Comment 6 E. C. Masloch 2022-08-27 10:54:46 PDT
I used git bisect on the NASM repo, running the following scriptlet to build and test NASM:

$ git clean -x -d -f; touch config/undef.h; ./autogen.sh; ./configure; make; git checkout autoconf; /usr/bin/time --format="%M KiB" ./nasm ~/wwwecm/test/20220825/test.asm

This test resulted in less than 7 MiB of memory use for good revisions, more than 2.8 GiB for bad revisions. I started with https://github.com/netwide-assembler/nasm/commit/52266ad42490f48b91a70efb5c2f93ea281eeb60 as the good revision and https://github.com/netwide-assembler/nasm/commit/3aebb20f123033dcd767f0abc46b18cbefed8091 as the bad revision. First bad revision is https://github.com/netwide-assembler/nasm/commit/de7acc3a46cb3da52464d246b814f8bf059a0360

de7acc3a46cb3da52464d246b814f8bf059a0360 is the first bad commit
commit de7acc3a46cb3da52464d246b814f8bf059a0360
Author: H. Peter Anvin (Intel) <hpa@zytor.com>
Date:   Mon Aug 19 17:52:55 2019 -0700

    preproc: defer %00, %? and %?? expansion for nested macros, cleanups

    BR 3392603: When doing nested macro definitions, we need %00, %? and
    %?? expansion to be deferred to actual expansion time, just as the
    other parameters.

    Do major cleanups to the mmacro expansion code.

    Reported-by: Alexandre Audibert <alexandre.audibert@outlook.fr>
    Signed-off-by: H. Peter Anvin (Intel) <hpa@zytor.com>

 asm/preproc.c | 713 ++++++++++++++++++++++++++++++++--------------------------
 1 file changed, 400 insertions(+), 313 deletions(-)
Comment 7 E. C. Masloch 2022-08-27 11:34:07 PDT
Here's the fix. I don't understand the dup_tlist behaviour enough (yet) to avoid using it, but adding free_tlist fixes the memory leak.
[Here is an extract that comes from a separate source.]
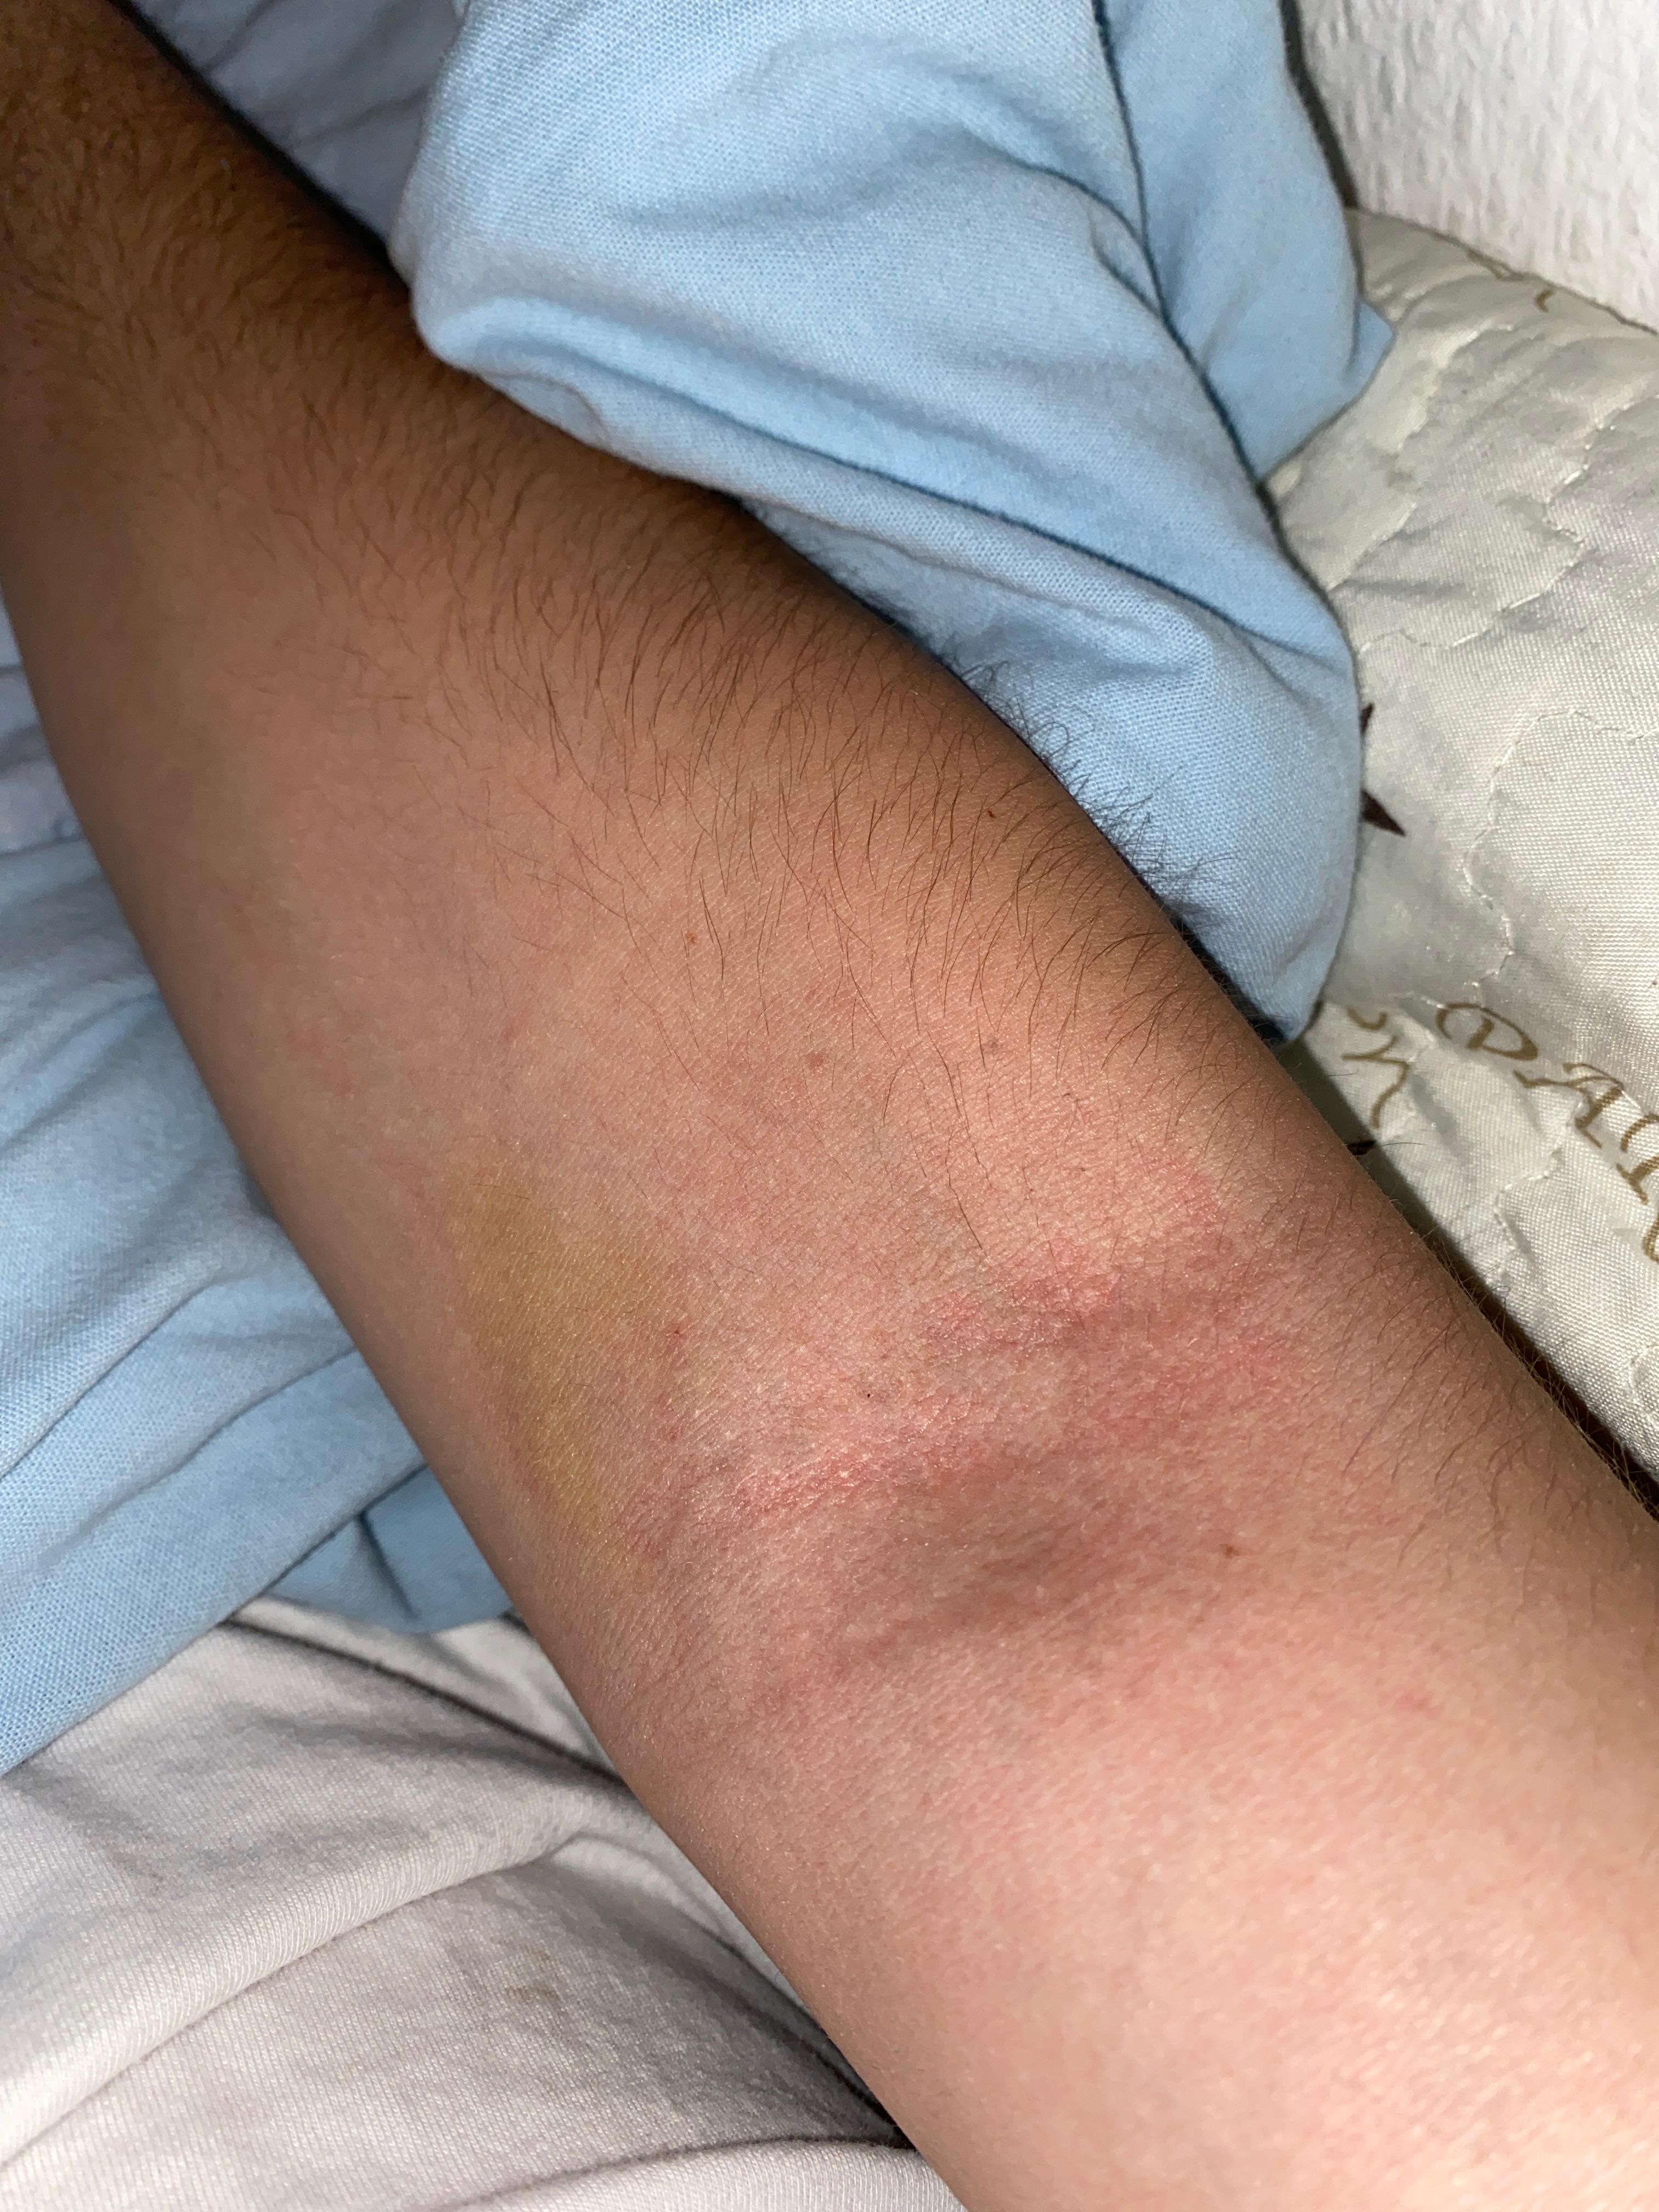 39++ Thrombose im arm bilder , Trombose Im Arm / Thrombose Wikipedia / Eine thrombose im arm ist

diff --git a/asm/preproc.c b/asm/preproc.c
--- a/asm/preproc.c
+++ b/asm/preproc.c
@@ -5333,8 +5333,9 @@ static Token *expand_mmac_params(Token * tlin
e)
             tt = tokenize(tok_text(t));
             tt = expand_mmac_params(tt);
             tt = expand_smacro(tt);
-            /* Why dup_tlist() here? We should own tt... */
+            /* *tail = tt; */
             dup_tlist(tt, &tail);
+            free_tlist(tt);
             text = NULL;
             change = true;
             break;
Comment 8 E. C. Masloch 2022-08-27 11:43:16 PDT
Better patch, recreating the behaviour of dup_tlist then free_tlist without actually duplicating the tokens:

diff --git a/asm/preproc.c b/asm/preproc.c
--- a/asm/preproc.c
+++ b/asm/preproc.c
@@ -5329,12 +5329,17 @@ static Token *expand_mmac_params(Token * tl
ine)
         case TOKEN_INDIRECT:
         {
             Token *tt;
+            Token *teach;

             tt = tokenize(tok_text(t));
             tt = expand_mmac_params(tt);
             tt = expand_smacro(tt);
-            /* Why dup_tlist() here? We should own tt... */
-            dup_tlist(tt, &tail);
+            *tail = tt;
+            list_for_each(teach, tt) {
+               tail = &teach->next;
+            }
+            /* dup_tlist(tt, &tail);
+            free_tlist(tt); */
             text = NULL;
             change = true;
             break;
Comment 9 E. C. Masloch 2022-08-27 11:54:40 PDT
Patch could probably use list_last instead: https://github.com/netwide-assembler/nasm/blob/3aebb20f123033dcd767f0abc46b18cbefed8091/include/nasmlib.h#L282

But that's just optimisation.
Comment 10 H. Peter Anvin 2022-11-21 12:10:19 PST
Fix checked in. Huge thanks for tracking this down!